The environment strategy you're executing is already in line with the latest features and best practices, but your organization wants to add more controls or features.

Communicate your environment strategy to your organization

You implement your tenant environment strategy more successfully if your Power Platform users understand and are aligned with what you're trying to achieve. If you simply activate your strategy without any communication, users see the changes as restrictions and look for ways to work around them.

As part of developing or evolving your strategy, decide how you inform users of key elements of the strategy that affect their use of Power Platform. They don't need all the technical details of your strategy, only the essentials that help ensure that they remain productive, such as:

  • The purpose of the default environment

  • Where they should build new low-code assets

  • How they should use their personal developer environment

  • How to request custom environments for specific business units or projects

  • General connector usage policies, and how to request more connector privileges for their environments

  • How to share what they build with others

  • The responsibilities of a maker; for example:

    • Keep the tenant clean. Delete your environments, apps, and flows if they're no longer needed. Use test environments if experimenting.
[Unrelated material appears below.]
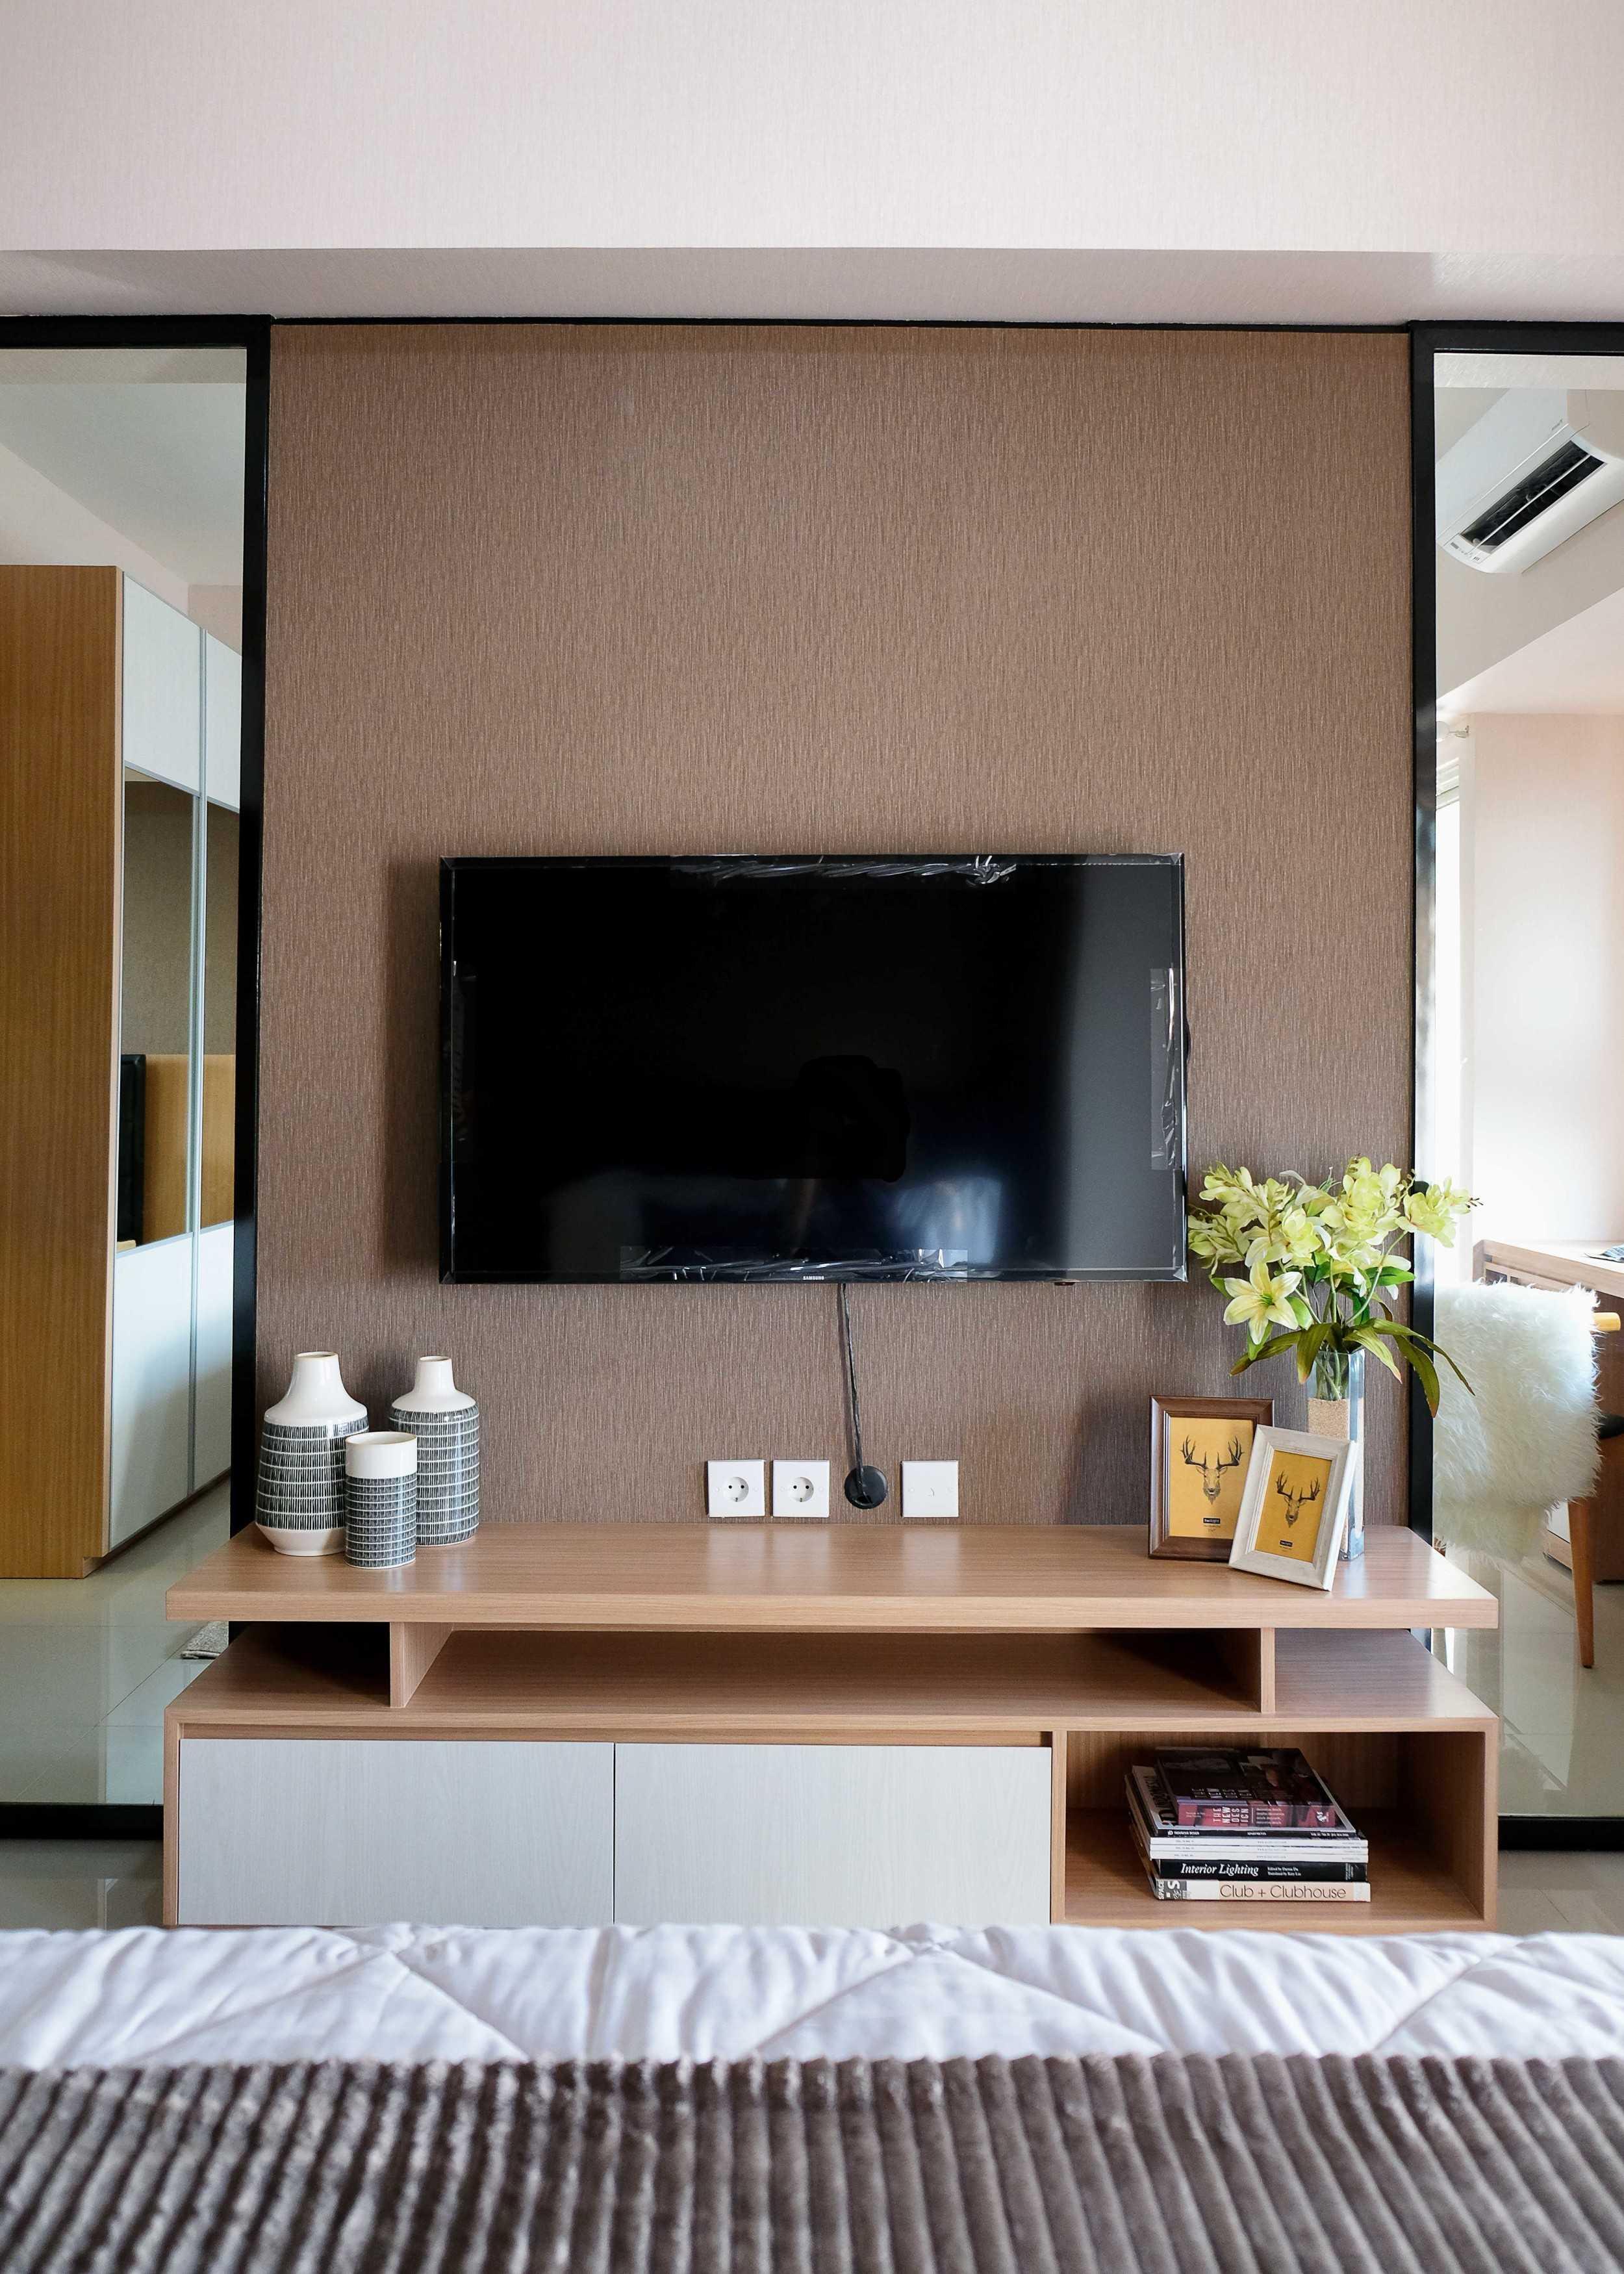 Equil Interior Tanglin Apartment Surabaya, Kota Sby, Jawa Timur, Indonesia Surabaya, Kota Sby, Jawa Timur, Indonesia Equil-Interior-Tanglin-Apartment   59468

    • Share wisely. Watch out for oversharing of your environments, apps, flows, and shared connections.

    • Protect organization data. Avoid moving data from highly confidential or confidential data sources to unprotected or external storage.

  • When your strategy changes, share how the changes affect your users so that they know what to do differently

A good start is to turn on the maker welcome content in the environment group where new makers are added.

Screenshot of the welcome content for makers in Power Platform

Figure: Use the welcome content to help new makers be successful.

Another effective approach to communicating with your users is establishing an internal Power Platform hub. The hub can be a place for people to collaborate on projects, share ideas, and discover new ways to apply technology to achieve more. The hub could be where you share more detailed information on your environment strategy that's relevant to your users. Learn how to create an internal Power Platform hub.

Conclusion

In this article, we explored features that are designed to help your organization manage Power Platform environments at enterprise scale and incorporate them into your tenant environment strategy.

As your organization adopts Power Platform and usage accelerates, the need for environments can change rapidly. You need an agile approach that helps your environment strategy keep up with changes and continue to meet your organization's evolving governance requirements.

A key factor for success with a tenant environment strategy is communicating with your makers and users and gaining their support. Make sure that the people who build low-code applications and automations know how to follow your organization's environment strategy and where they should be building their low-code assets.

Every organization's journey to adopting Power Platform is unique. We presented some ideas to help you start on the right foot. Your Microsoft account team or Power Platform partner can help you create a more customized tenant environment strategy for your organization.